Два-три раза они снова ходили вместе на охоту. Конечно, с оружием тестя, не дающим промаха… с хозяйского позволения. Нет, Аймик и не пытался использовать эти копья, кажущиеся такими надежными, против самого Дада, хотя тот, словно нарочно, то и дело поворачивался к зятю спиной. Словно нашептывал: «Ну ударь! Гляди, как хорошо войдет наконечник, – точно под левую лопатку!» Аймик, предупрежденный заранее, старательно отводил оружие в сторону. Он даже мысли старался запрятать как можно глубже, чтобы Дадово копье ненароком бы не почувствовало, чего он хочет в действительности.
Глухая осень.
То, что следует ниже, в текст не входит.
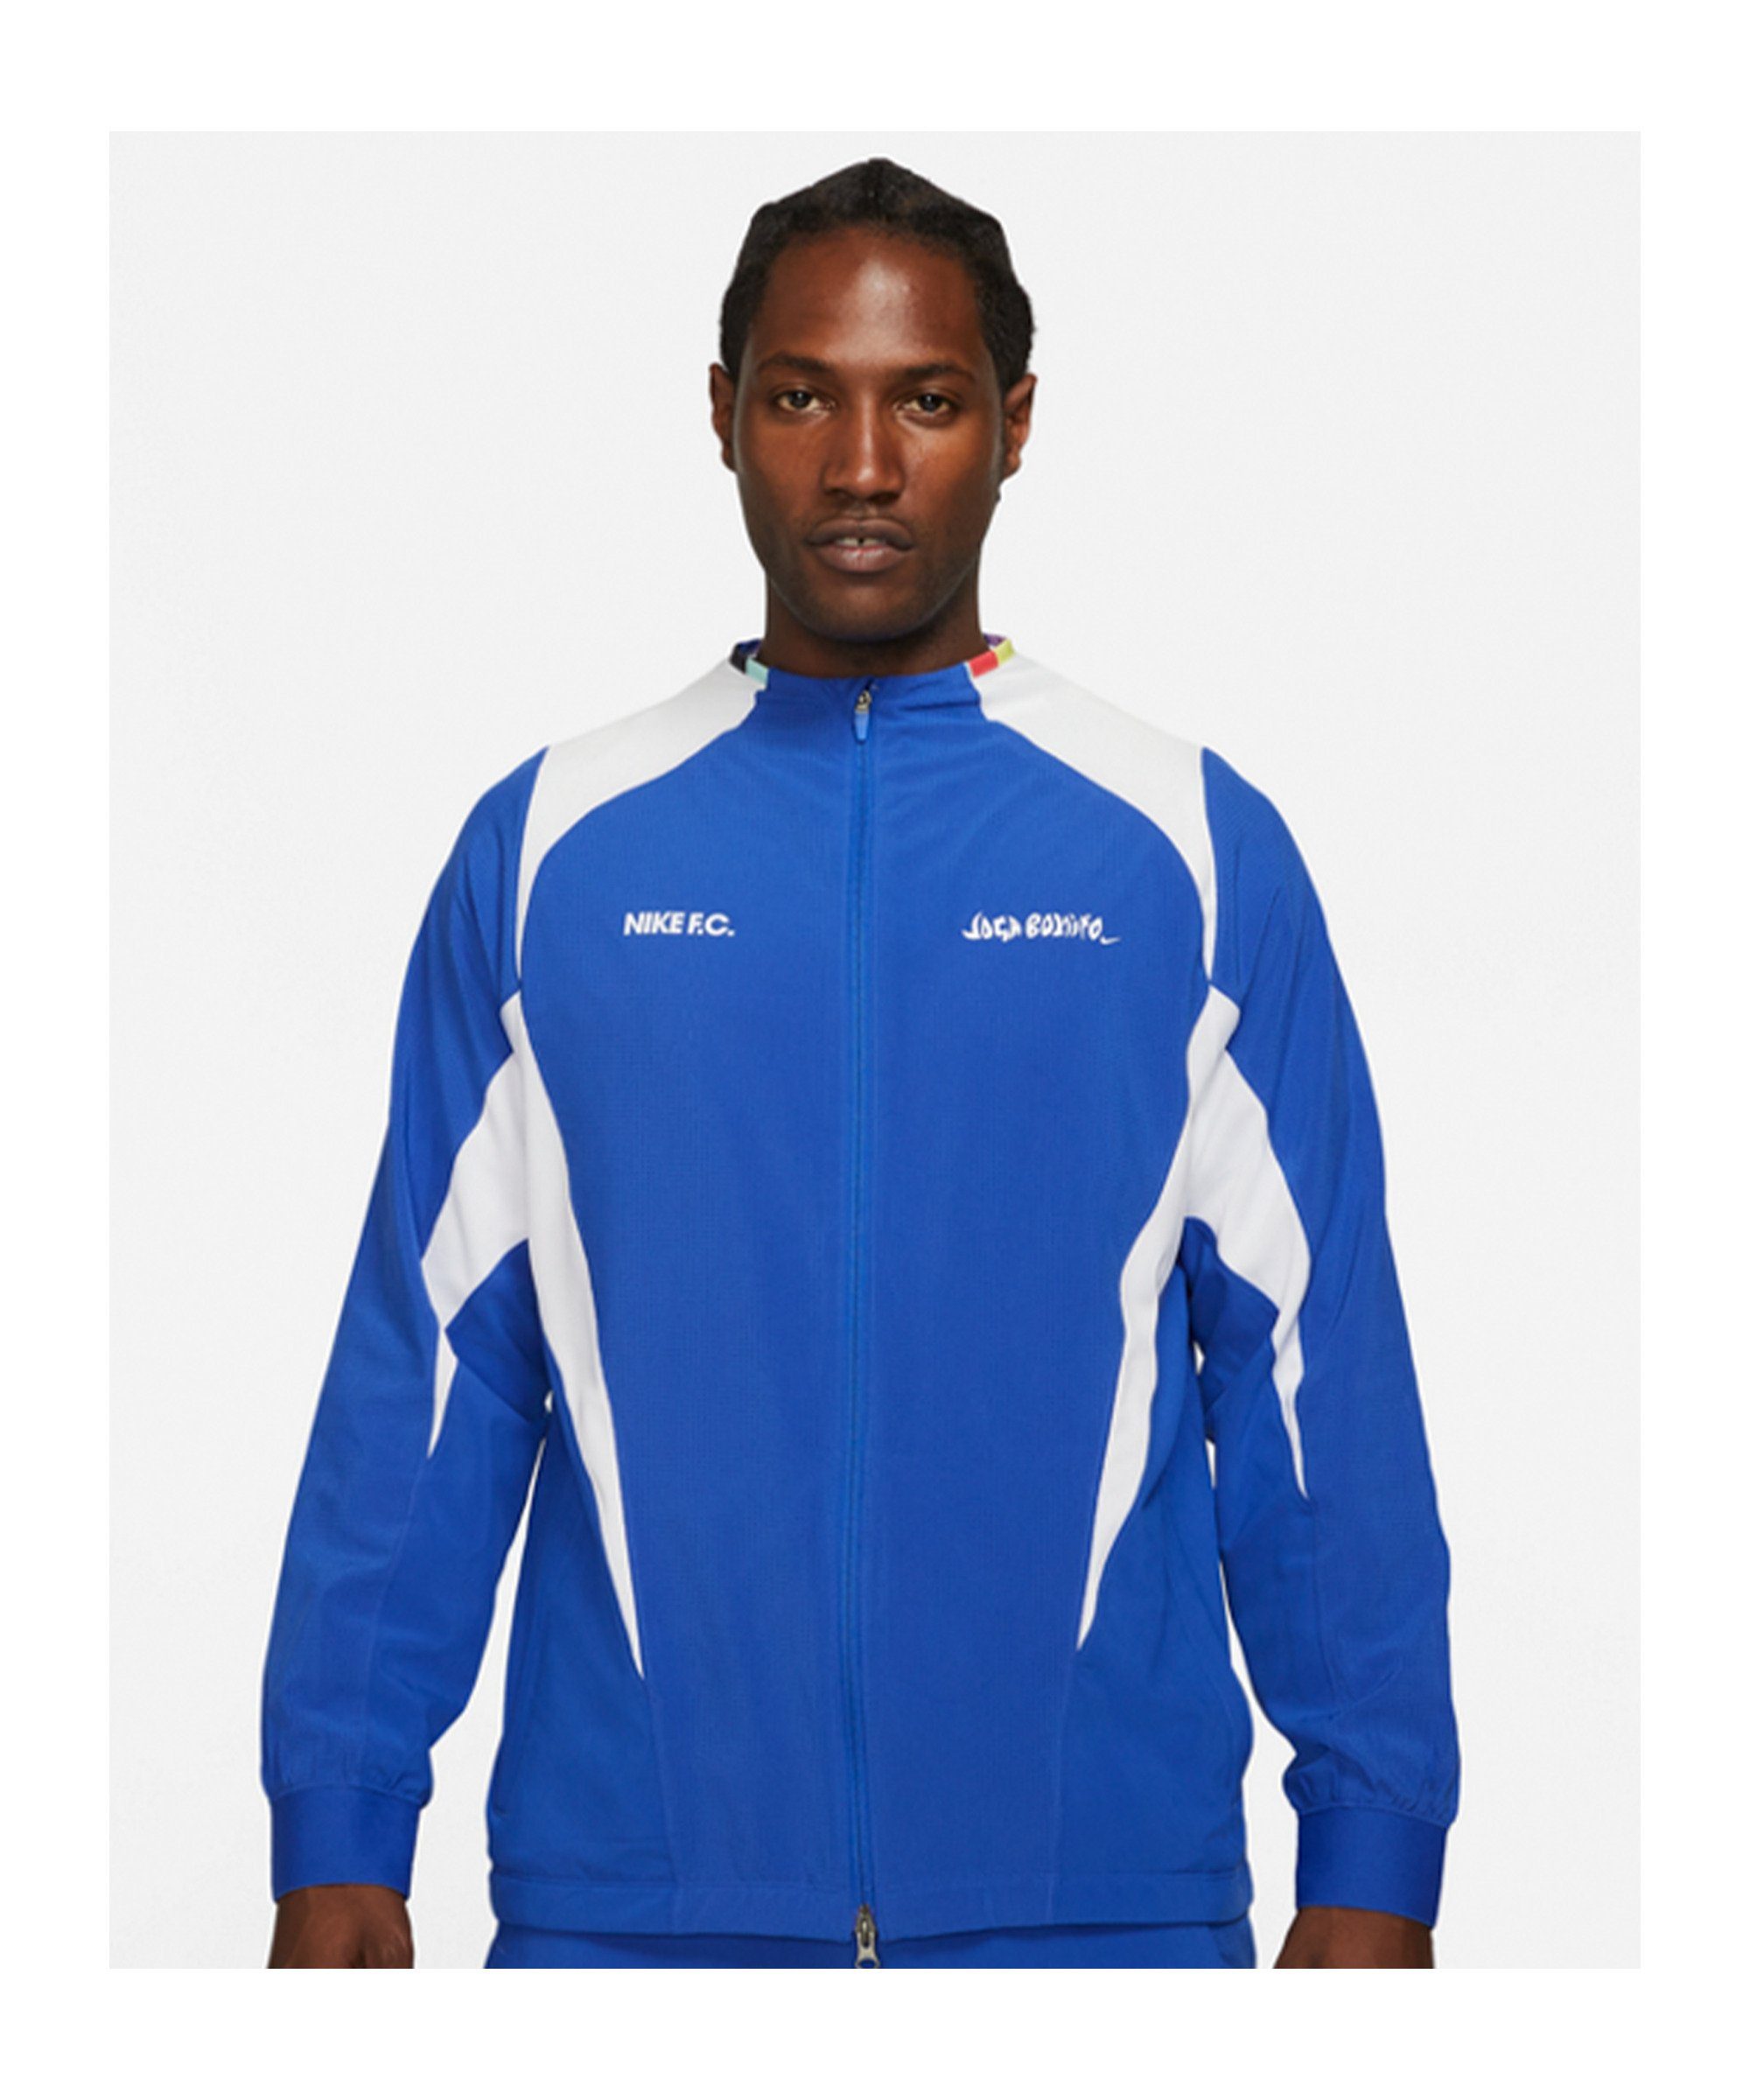 Nike Sportswear Sweatjacke F.C. Joga Bonito Woven Jacke blauweiss

Промозглые, унылые дни, холодные беспросветные ночи. Листва уже не только облететь, но и в грязь успела превратиться; уже даже здесь снег принимался падать, а там, выше в горах, он уже давно выбелил склоны.
Дангор вновь приболел, на этот раз сильнее, чем прежде. Правда, по Даду было видно: его болезнь внука не очень-то беспокоит. Это не раздражало, напротив, успокаивало и мать и отца: оба прекрасно знали, что увести внука на Тропу Мертвых до Посвящения Дад никакой Хонке не позволит. Во всяком случае, сильного кол-дунского лечения он применять не стал, хотя Мада не выдержала, попросила. Ответил: «Ни к чему это. Попусту духов тревожить – только беду накликать. Сами справимся». К обычным средствам прибавил еще какие-то травы да трижды по ночам наговор нашептывал – вот и все.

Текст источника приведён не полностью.